"I do food, I just happen to use a little more sugar," says Bryce Caron. The Food & Wine best new pastry chef— one of the first five ever named— was let go from Blackbird three weeks ago; on Friday it was announced that he's joining graham elliot, working in the kitchen alongside executive chef Andrew Brochu. And in this new job, he says that his goal is to "eliminate the position of pastry chef." We spoke with him Friday about how his new position came about and what he really plans to do at graham elliot.
So when you were let go from Blackbird, you were talking about pursuing something on the east or west coasts. Yet not only did graham elliot come through, it now seems like the obvious place for you to be. How did it come about?
Well, before the corpse was even cold, so to speak, I had a few job offers. And then Andrew Brochu texted me on Facebook and said hey, do you want to come in for dinner at graham elliot? And right after that, I guess Graham Elliot, the chef, texted Andrew and said, do you want to talk to him, and he already was. So I was fired on Friday, Andrew texted me on Saturday and I came in for dinner on Sunday.
It was cool to see how what I do could work in the context of a tasting menu— I've never worked somewhere that did that kind of menu. So a week later I came in to stage— it was a weird night, we had two parties of twenty and were closed to the public. I saw some things about how I could work, where I could add a few things. And, well, I don't want to put words in their mouths about what they were thinking, but here we are.
So what's different about doing desserts for a tasting menu?

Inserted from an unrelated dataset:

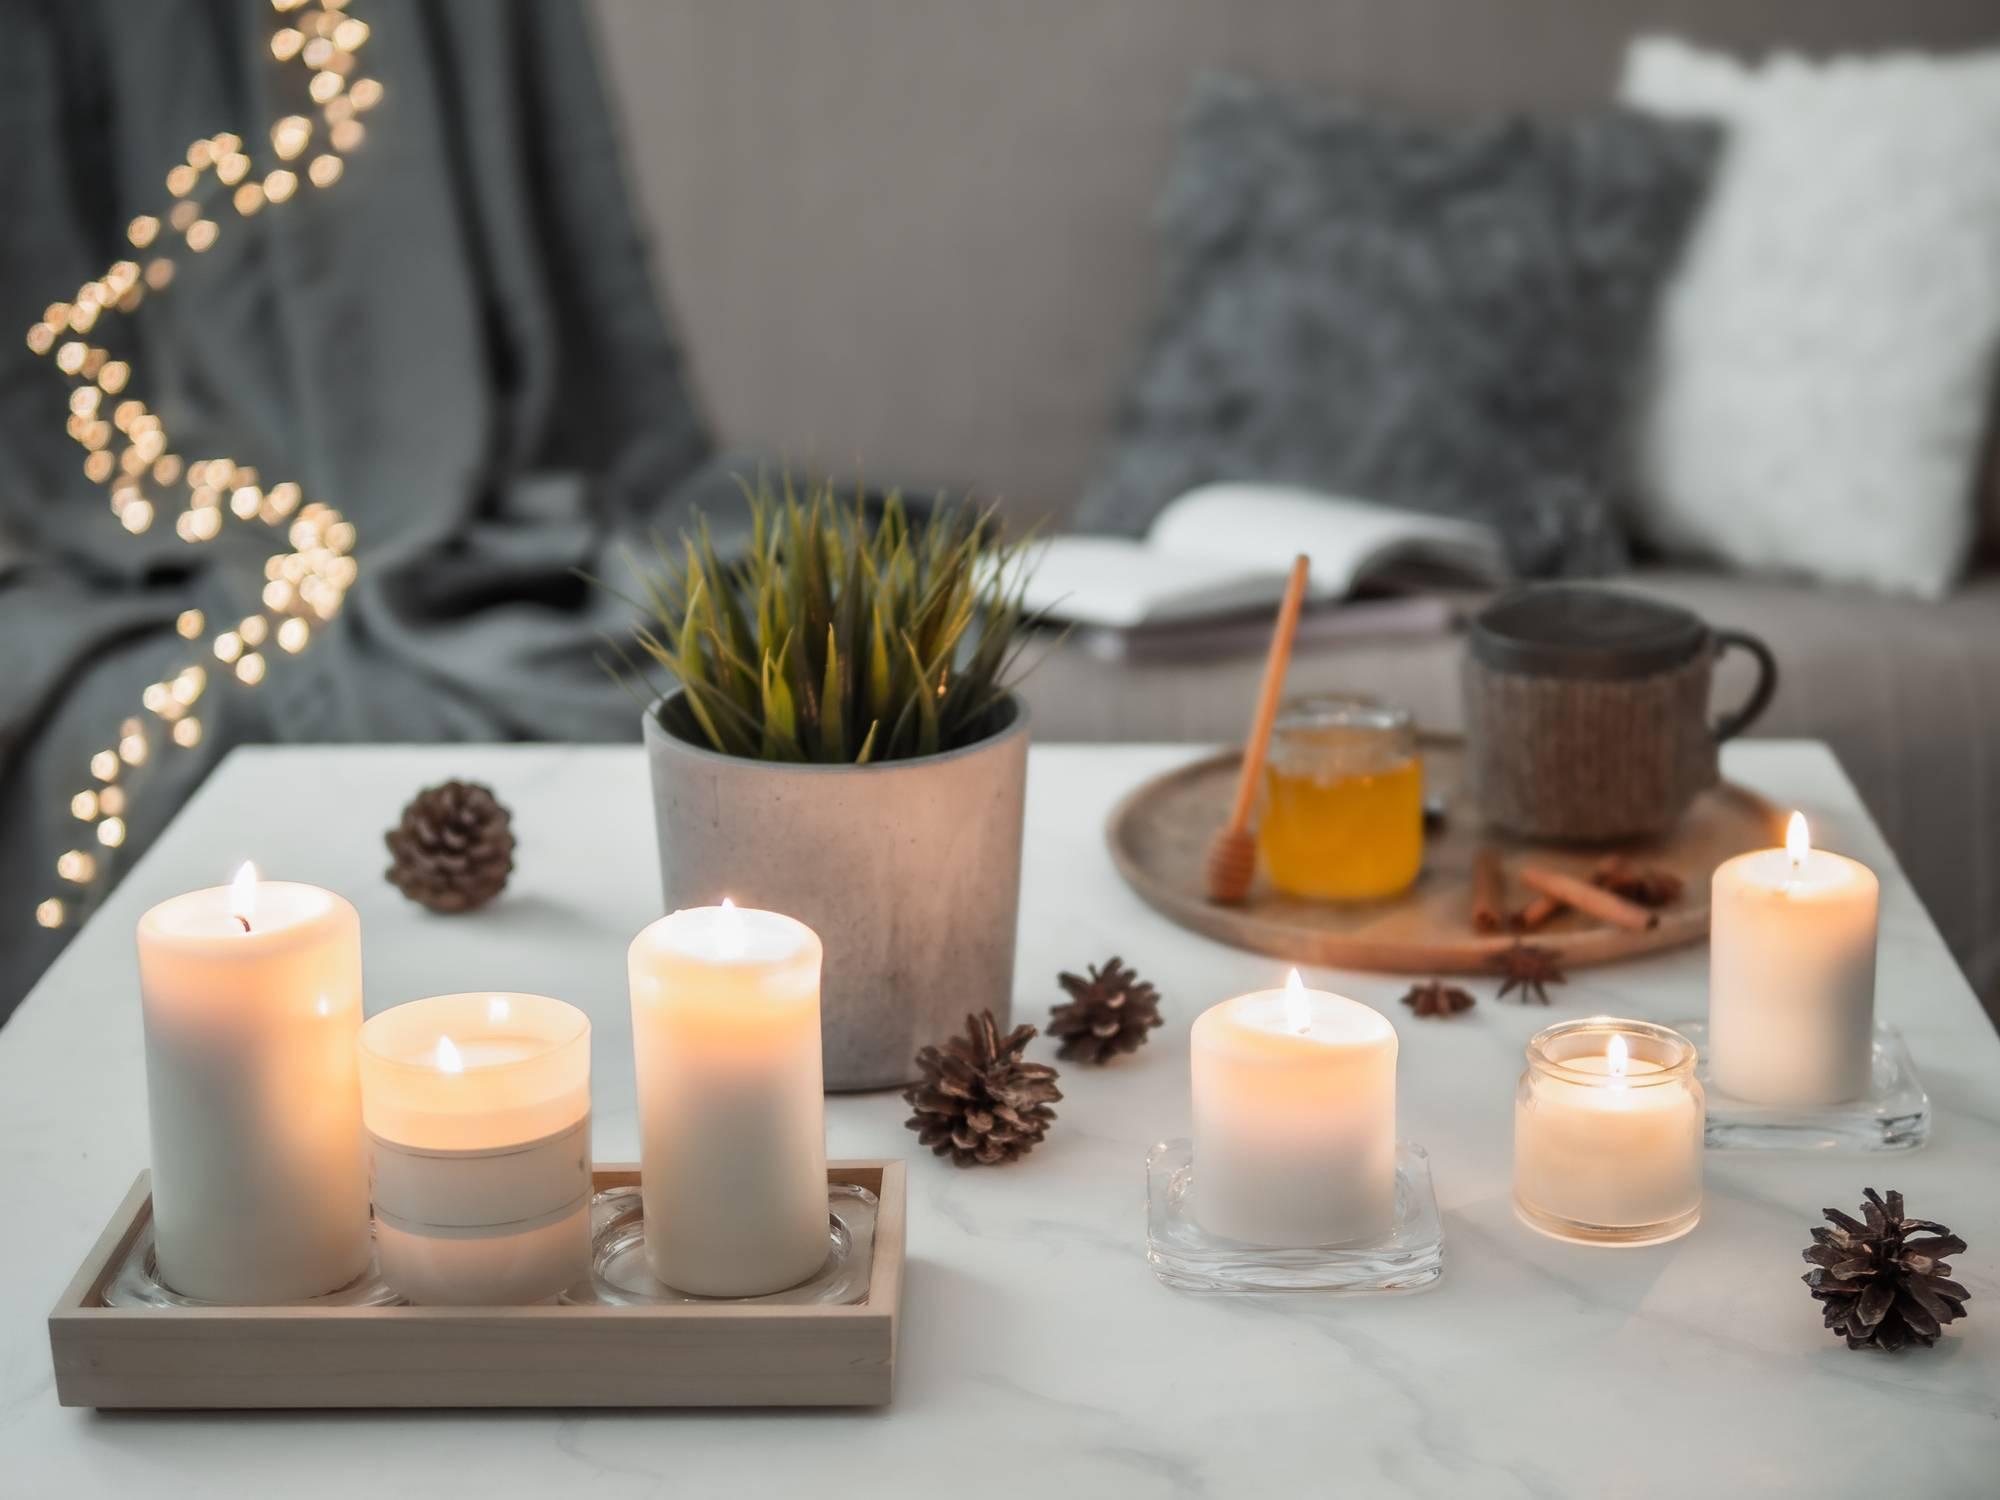 des bougies parfumées

The difference is that it's not just sending out one dish at the end of the meal. It's the opportunity to collaborate on a seamless transition. I'm responsible for the last four courses out of fifteen, plus the intermezzo and the amuse-bouche.
It always raises my hackles when I hear that I do savory desserts. I do food, I just happen to use a little more sugar. With a tasting menu there's the opportunity to contribute to the overall balance of the meal— one course is super-acidic, another one is super-sweet. If you have four or five dishes under your control, you can spread out the balance of the dishes.
My goal is to eliminate the position of "pastry chef." I'm a chef. It's an exciting opportunity for me, to be able to think about how to break up one palatial experience and make it balanced.
How do you see yourself working with Chef Brochu? We got the sense that you were kind of off by yourself in the second-floor pastry kitchen at Blackbird.
I should say that [Blackbird chef] David Posey is a dear friend and I loved working with him. But yeah, when he's working in the basement butchering a fish, and you're on the second floor, it's harder to talk. You can't just reach over and say "Here, taste this." Andrew and I will be in the same kitchen, working with the same equipment, the same ingredients, the same ovens, the same dry storage.
I'm really excited about collaborating with him, trying to make it a seamless menu. I lived around the corner from Kith & Kin and I probably went there 23 times in the ten months it was open. I think he does really exciting work when he's not just making fried chicken [a signature Kith & Kin dish].
So I can't wait to start. I'm off to Aspen for the Food & Wine Classic, where I'll meet up with Shawn Gawle [fellow F&W; best pastry chef, of New York's Corton]. Then it's back to work.